Donc, bien sûr, c'est sujet, mais dans la mesure où on cherchait une comparabilité où il n'y avait pas de définition, nous ne l'avons pas fait. Et je vous dis que cadrer et définir un mouvement, c'est en lui-même un objet de critique. Et à ce moment-là, on nous aurait critiqué parce qu'on en avait mis une définition qui aurait forcément été critiquable. Alexandre Desé. Je pense qu'il est important de souligner le fait qu'encore une fois, les instituts rencontrent plusieurs difficultés importantes, vraiment majeures dans l'appréhension sondagière de ce type de population.
Mais je pense également qu'il est extrêmement important de faire le travail qu'on fait là, le travail de déconstruction, des modalités de production des résultats.
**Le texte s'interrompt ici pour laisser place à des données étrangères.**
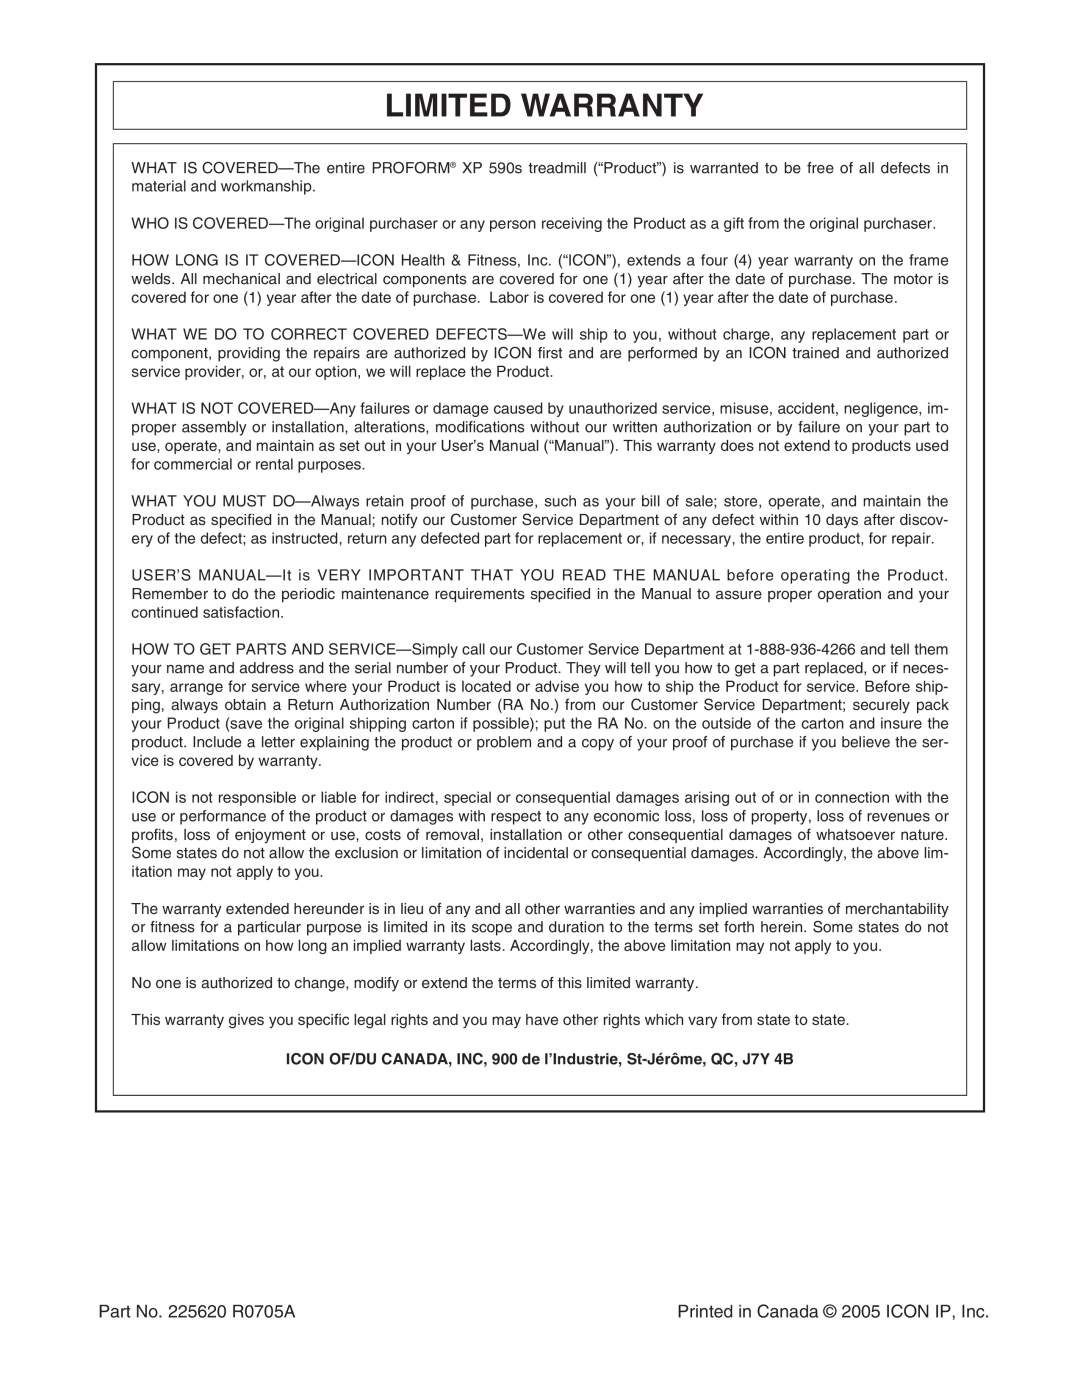 ProForm 30514.0 user manual Limited Warranty, Part No. 225620 R0705A, Printed in Canada 2005 ICON IP, Inc

C'est ce qu'il n'est jamais fait. Les résultats partent immédiatement dans un flux médiatique impossible qu'on ne peut pas arrêter. Pour revenir sur ces deux questions, 38% déclarent approuver tout ou partie des positions. Mais là, on pourrait dire une première chose, c'est que tout ou partie, ce n'est pas la même chose. Ceux qui ont répondu vous approuvez la plupart des positions, vous approuvez seulement quelques-unes des positions, ce ne sont pas les mêmes réponses.
si la fonction d'un institut de sondage c'est d'accorder de l'importance à la parole des répondants, là, on se dit qu'il y a un problème. Ensuite, la question qui a été soulevée par un certain nombre de mes collègues, vous-même, quelle est votre opinion sur les islamistes ? L'islamiste, ici, le terme est extrêmement vague. On peut imaginer qu'il y a autant... Leur position. Oui, votre opinion sur les positions des islamistes, c'est ça ? Oui, ça ne change pas grand-chose au problème. Qu'est-ce qu'on doit entendre par islamisme ou par islamiste ? Et on peut imaginer qu'il y a autant de conceptions possibles de ce que c'est que l'islamisme que des répondants.
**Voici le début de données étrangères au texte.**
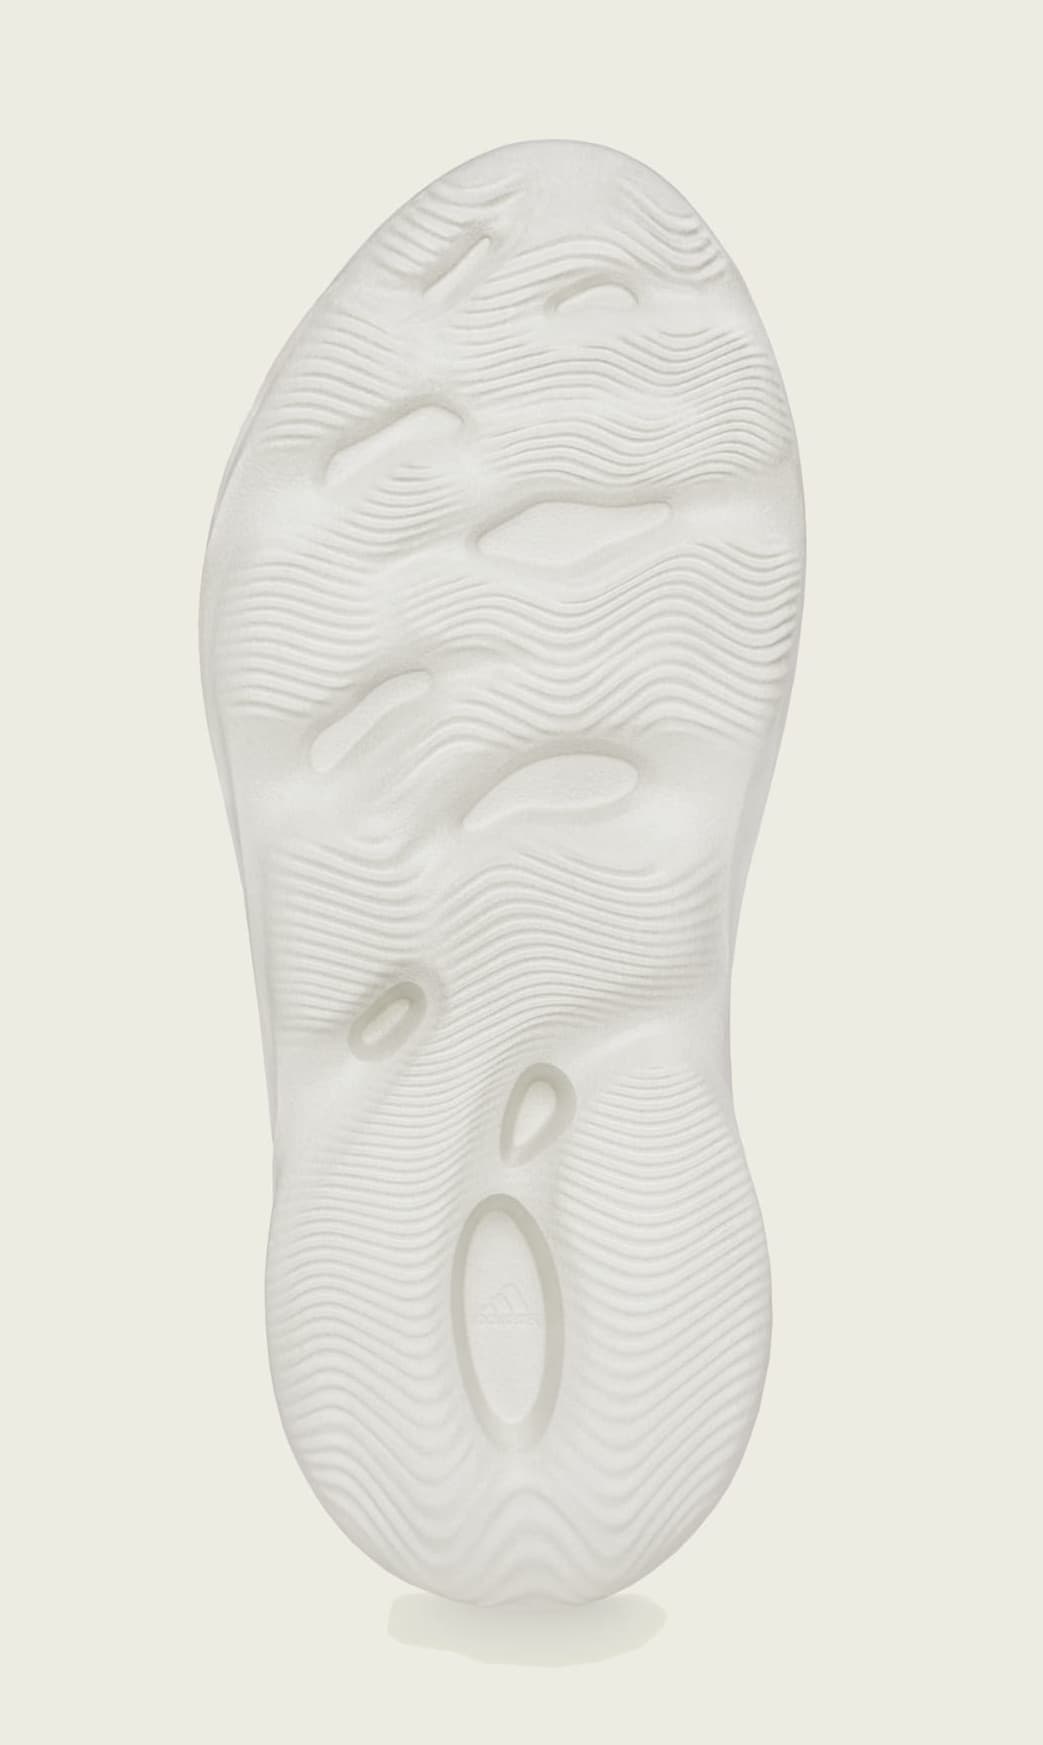 Adidas Yeezy Foam Runner 'Sand' FY4567 Outsole

Pareil, de quelle position on parle ? Parce que ça, c'est un résultat qui est extrêmement important dans votre étude. En fait, on se rend compte qu'on pose la question mais que les gens problèmes de méconnaissance des phénomènes sociopolitiques, économiques sur lesquels on a interrogé les gens, c'est un problème structurel, récurrent en fait des enquêtes sondagères. Je vous donne deux résultats qui sont tirés de cette enquête. 36% des musulmans interrogés ne connaissent pas le wahhabisme. 42% ne connaissent pas le tablic.
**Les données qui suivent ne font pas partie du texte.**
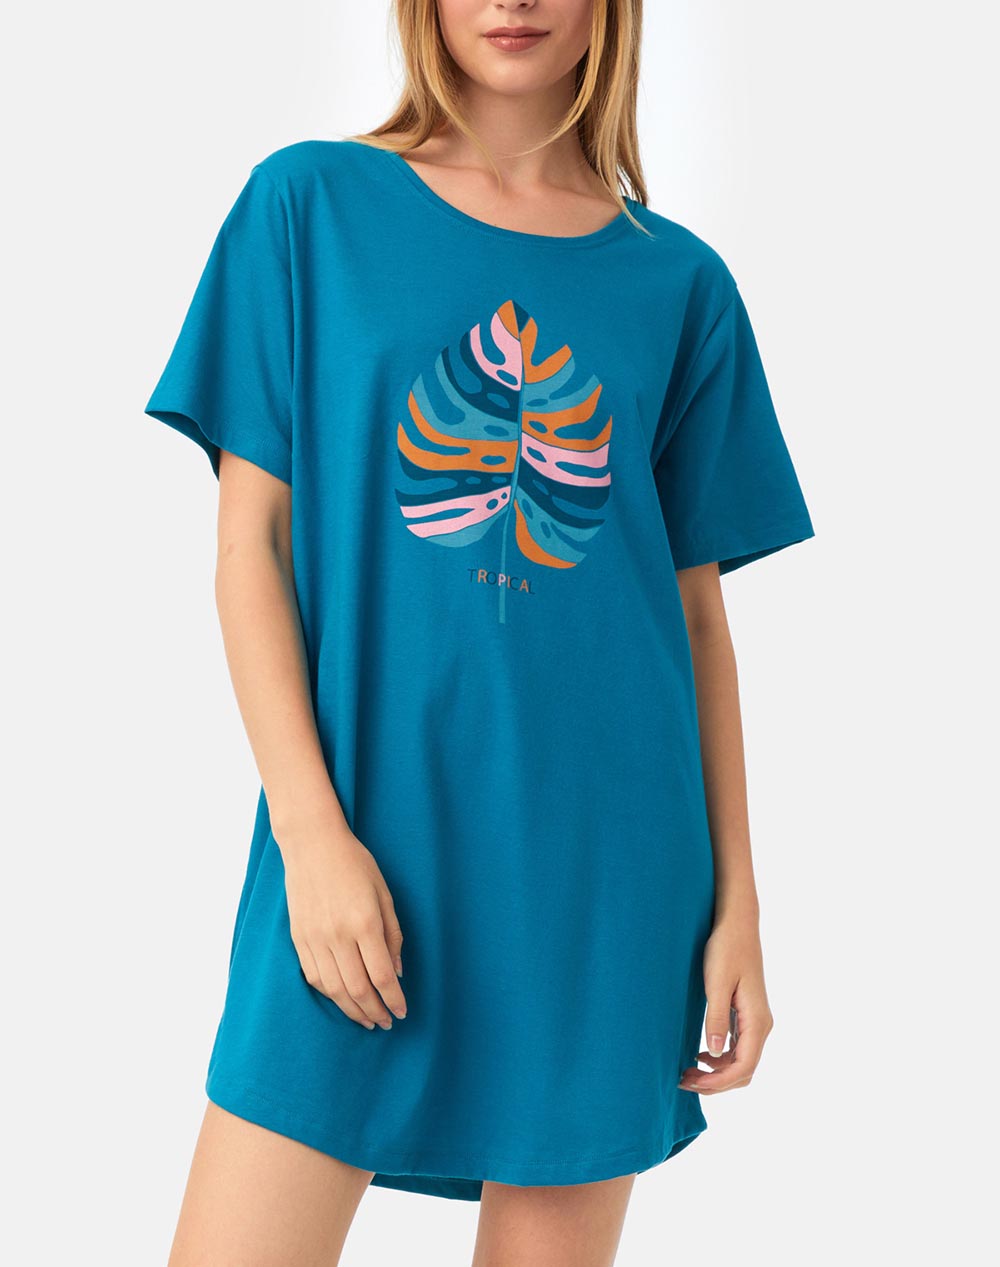 MINERVA T-SHIRT DRESS ΓΥΝ.TROPICAL 90-52538-881 Turquoise

Et moi, j'ai une étudiante, j'ai fait cours la semaine dernière sur ce sondage, je voudrais remercier l'IFOP parce qu'il alimente mes cours maintenant, j'ai fait cours sur ce sondage la semaine dernière, j'ai deux étudiantes qui portent le voile dans mes encives, dont une qui est venue me voir à l'intercours pour me dire mais monsieur, je ne sais pas ce que c'est les frères musulmans. Elle est en deuxième année de sciences politiques dans une formation d'excellence. Donc, il y a en quelque sorte une... C'est en l'occurrence, pardonnez-moi, il est possible dans le sondage de le dire, ne connaît pas 9%.
Il est possible donc de cocher la case et de concéder qu'on ne connaît pas les frères musulmans. Oui, mais ça nous renvoie à ce qu'on disait tout à l'heure, c'est-à-dire que quitte à répondre quelque chose, les gens préfèrent quand même répondre quelque chose que ne rien répond. François Croce. Vous citiez Vincent Tibère qui est une référence... Tibérie. Tibérie, qui est une référence en matière... Vincent, qui est une personne qu'on estime beaucoup à l'IFOP, dirige un baromètre sur le racisme pour la CNDH qui est un baromètre de référence.
Dans cet observatoire de référence, il y a une question simple qu'il pose et qui, bizarrement, elle, n'a jamais suscité la moindre critique qui est, diriez-vous, que vous êtes raciste ? Beaucoup, un peu, pas vraiment, pas du tout. Jamais personne dans votre université n'a critiqué cette question et qu'on ne définit pas le racisme. Vos amis du CIVIPOF, et je sais que vous analysez beaucoup, dans l'enquête de fractures françaises, ils demandent est-ce que vous trouvez qu'il y a beaucoup d'islamophobie en France ? Est-ce que vous trouvez qu'il y a beaucoup d'antisémitisme en France ? Ils ne définissent pas l'islamophobie alors même que vous savez bien que c'est un sujet très polémique.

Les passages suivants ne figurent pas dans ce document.